Souillant les enseignements de l’islam et galvaudant sa terminologie, l'Etat Islamique, cette appellation détournée sciemment de son sens originel à des fins politiques et terroristes, renvoie dans l’inconscient collectif à une époque harmonieuse où musulmans, chrétiens et juifs coexistaient en paix, ajoutant ainsi à la confusion générale, notamment parmi la jeune génération, à la consternation du Grand Mufti d’Australie qui ne cesse d’alerter sur ce terrifiant miroir aux alouettes.    

"Les musulmans, malheureusement, ont été les premières victimes du carnage disproportionné pendant plus d'une décennie, et aujourd'hui les autres croyants, y compris les chrétiens, particulièrement en Irak, sont la proie d'extrémistes violents. Ces criminels commettent des crimes contre l'humanité et des péchés contre Dieu. Expulsions forcées, menaces d'exécution et incendies de lieux de culte, y compris des églises, n'ont pas leur place dans aucune religion", a-t-il martelé la semaine dernière, en exhortant toutes les communautés de foi australiennes à faire cause commune contre le règne de la terreur imposé par l’Etat islamique.

Ibrahim Abou Mohammad est sur tous les fronts sous les cieux australiens qui pour être ensoleillés la plupart du temps n’en sont pas moins assombris par la montée de l’islamophobie vengeresse, exprimant son indignation à tous les micros et devant la représentation nationale face aux "mensonges éhontés et à la trahison de notre foi de la part de « djihadistes » sans foi ni loi".
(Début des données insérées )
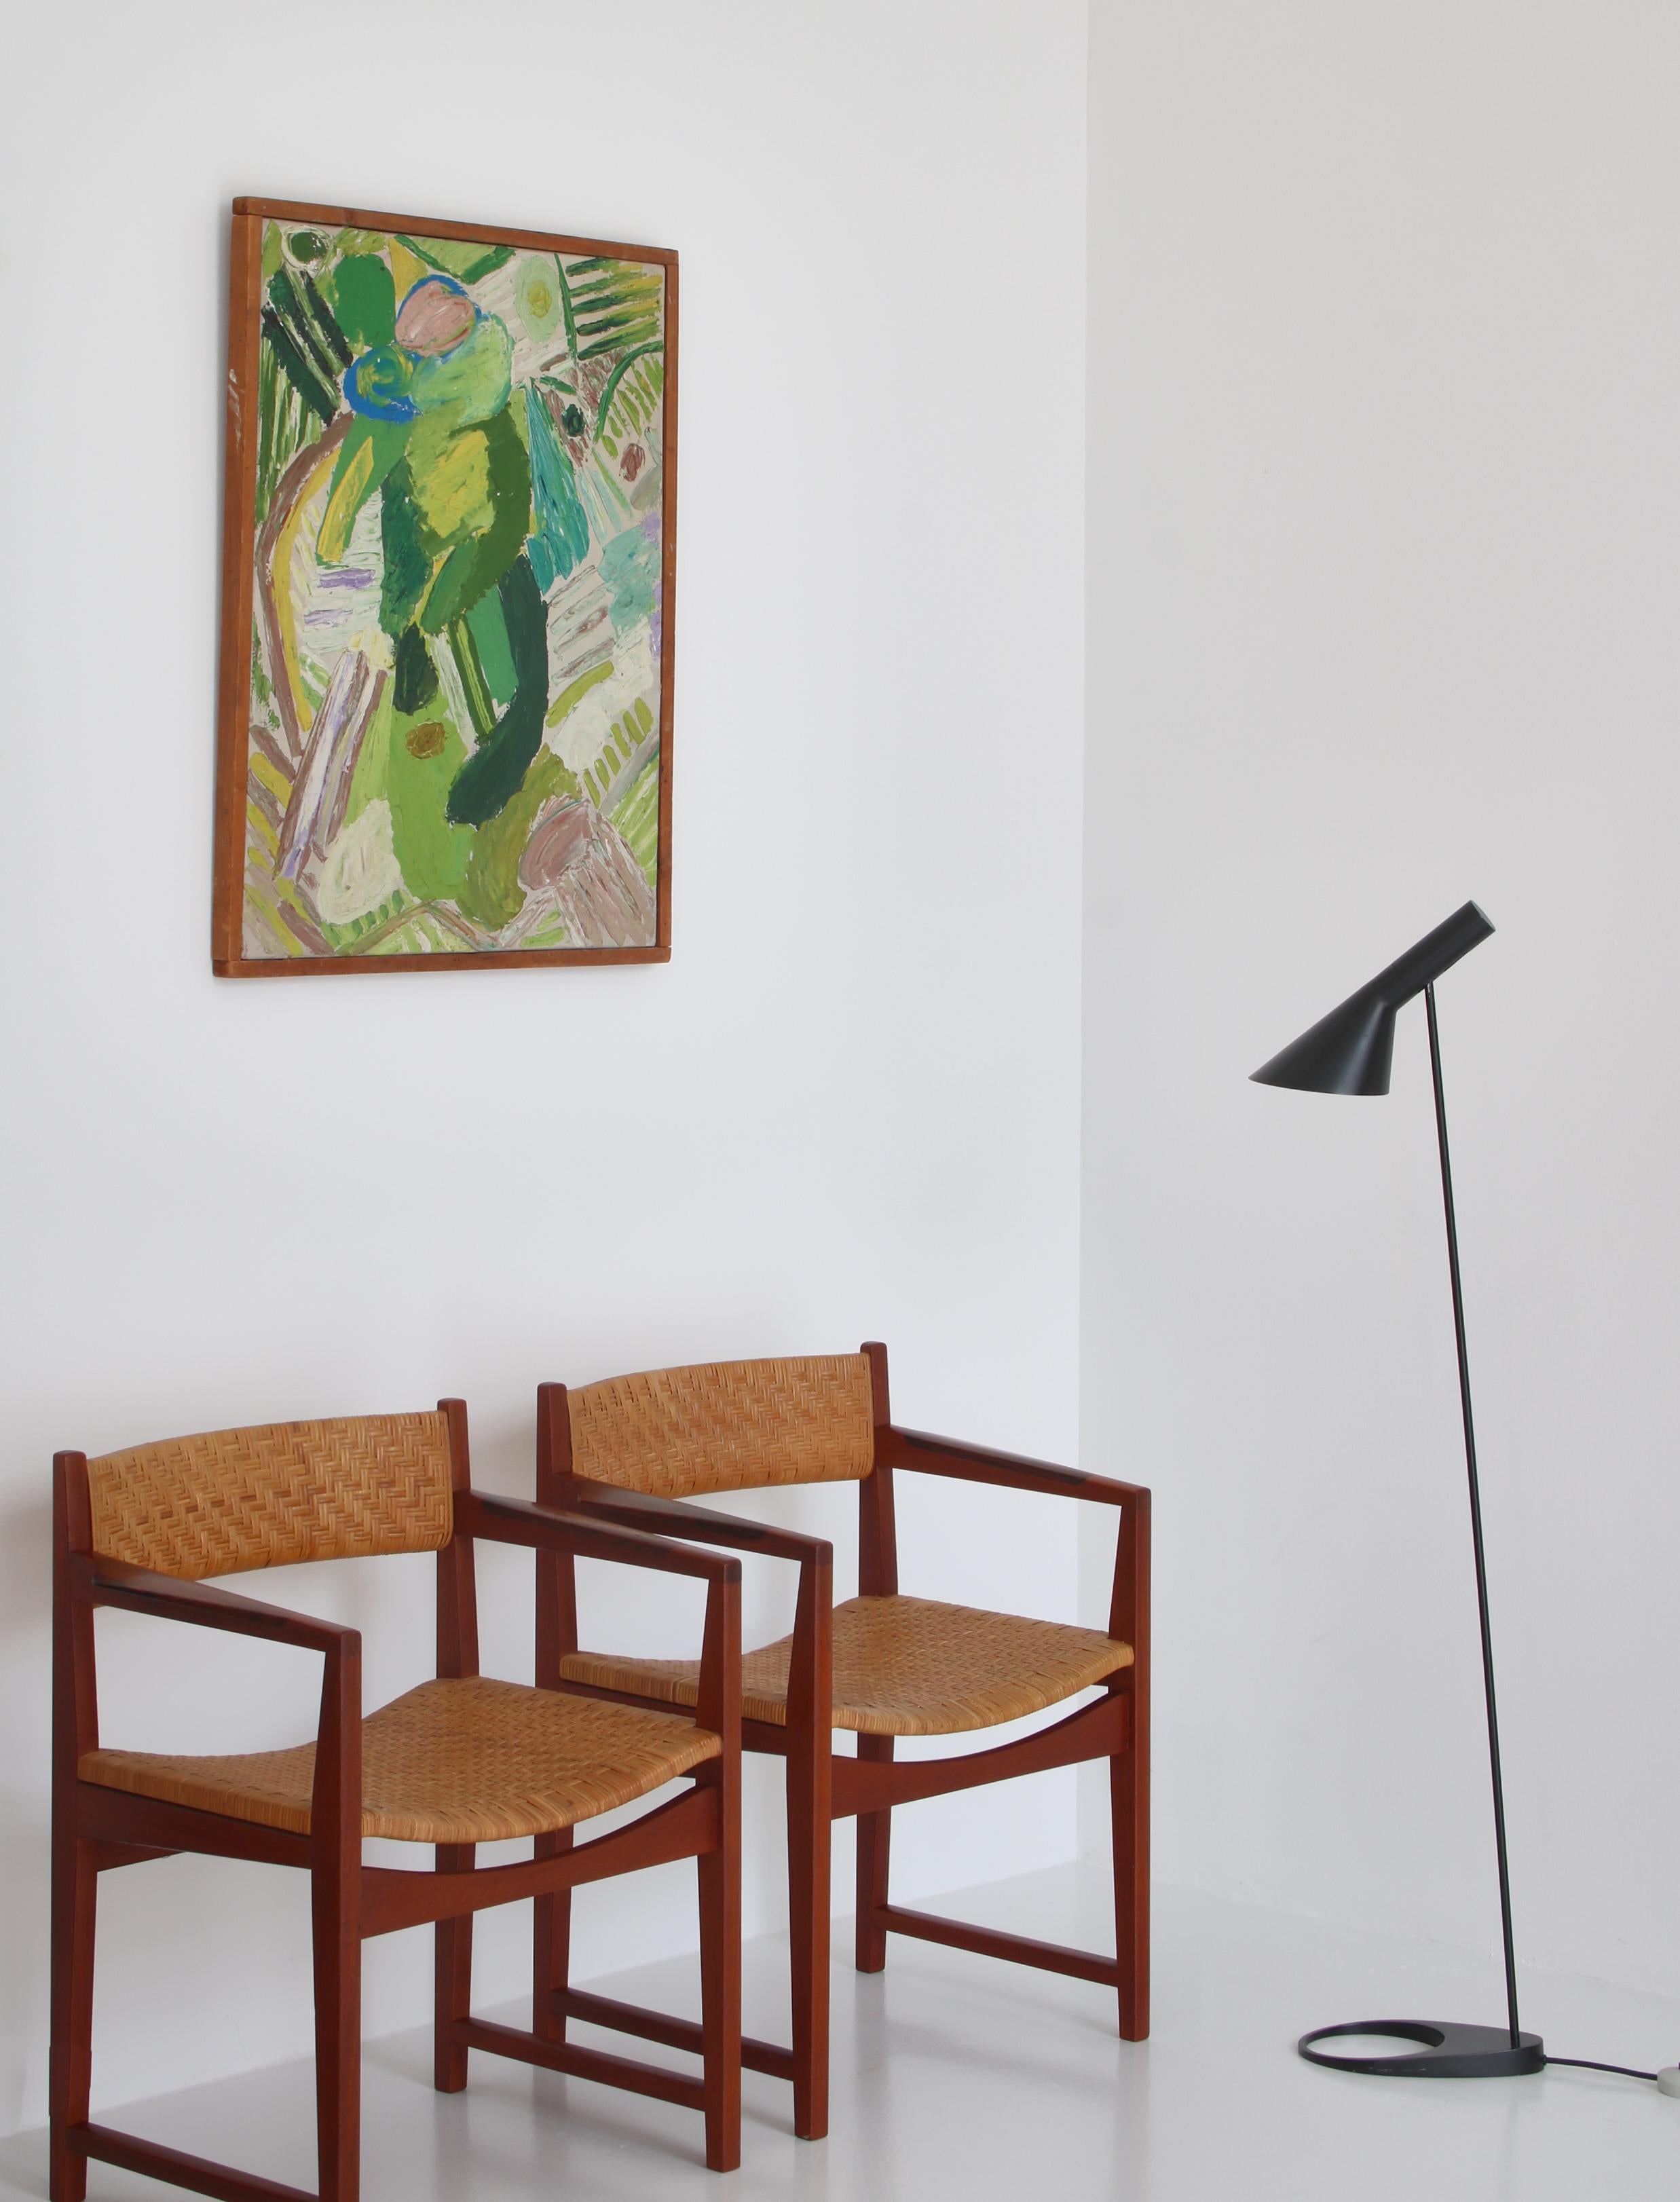 Superbe ensemble de fauteuils vintage fabriqués à la fin des années 1950 à Søborg Møbelfabrik, Copenhague par Peter Hvidt & Orla Molgaard Nielsen. Les chaises sont fabriquées en bois de teck massif de Bangkok et présentent des incrustations de bois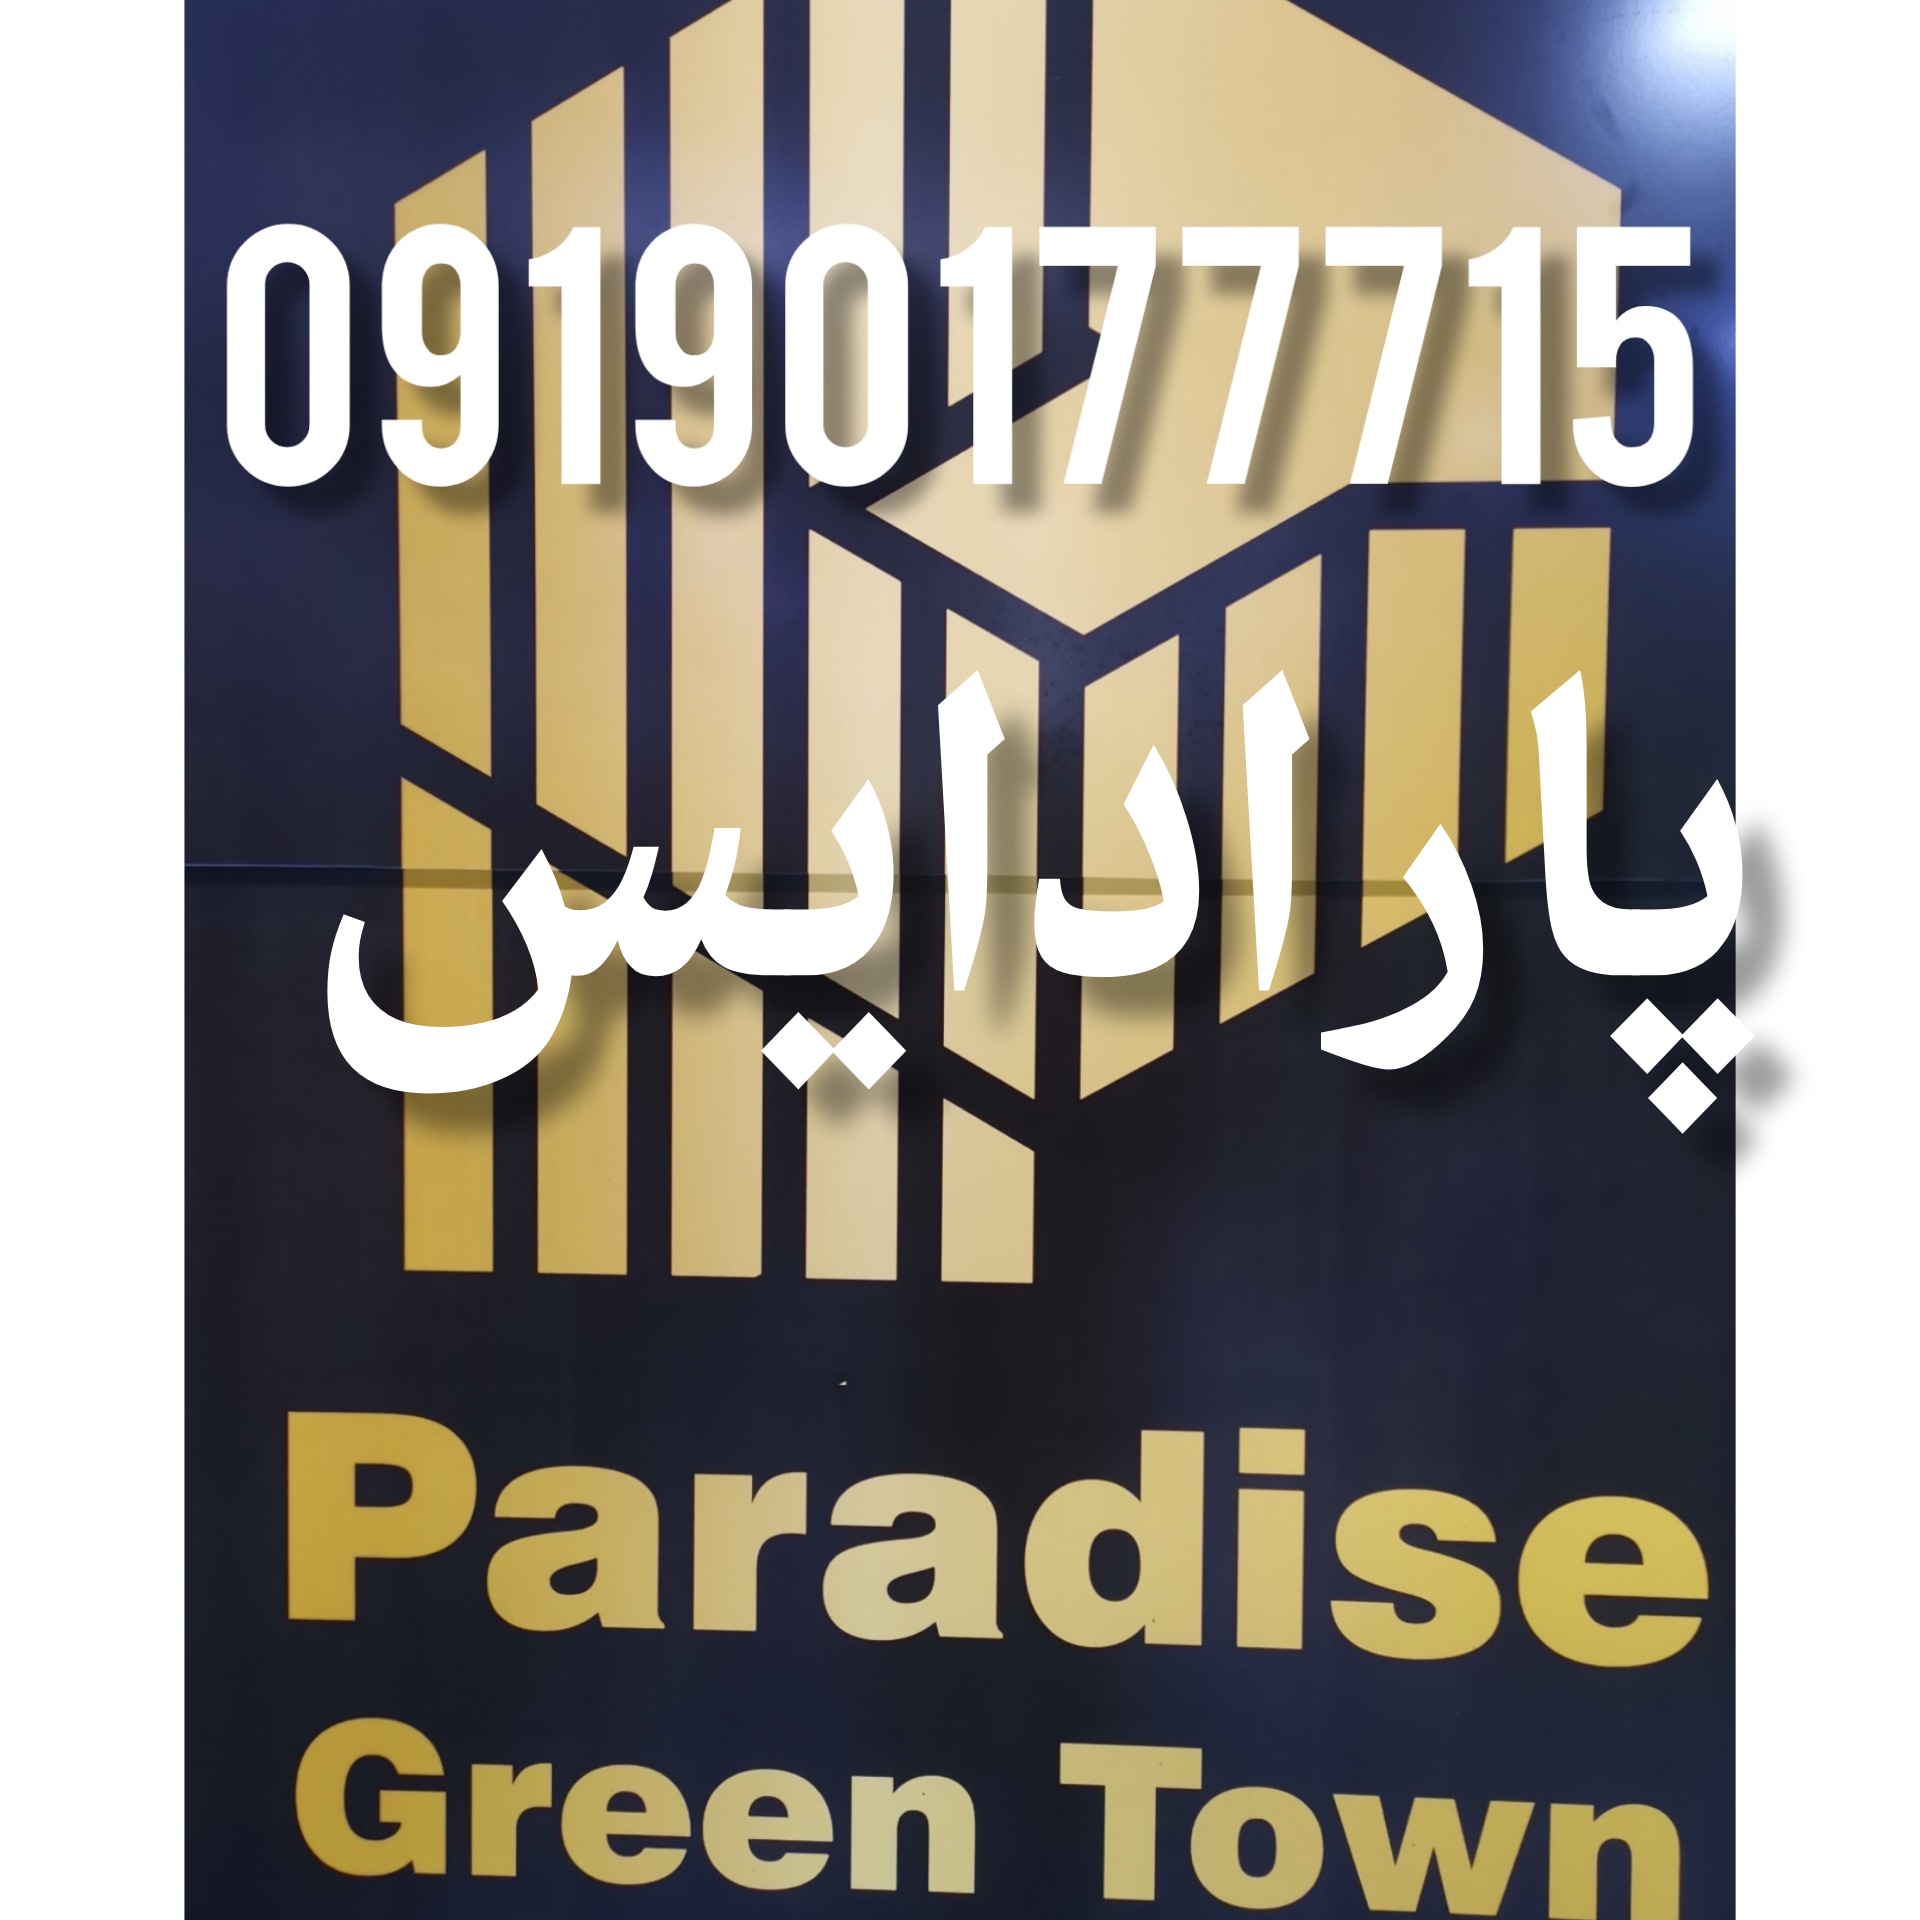 09190177715تلفن دفتر پروژه شهرک سبز پارادایس

"l’Etat Islamique n'est pas un état, il n'est pas islamique et il ne peut en aucune mesure se réclamer de l'islam ! Je l’ai répété à maintes reprises dans mes sermons et à la radio ou en présence de la communauté", a insisté le Grand Mufti d’Australie, avant de rappeler avec force une vérité par trop occultée : "L’Etat Islamique a tué plus plus de musulmans que de chrétiens. Ses combattants ont profondément blessé et meurtri l'Islam, et ce bien plus que toute autre foi, mais personne n'a relayé nos vives inquiétudes et notre immense émoi jusqu'à ce que les choses aient empiré."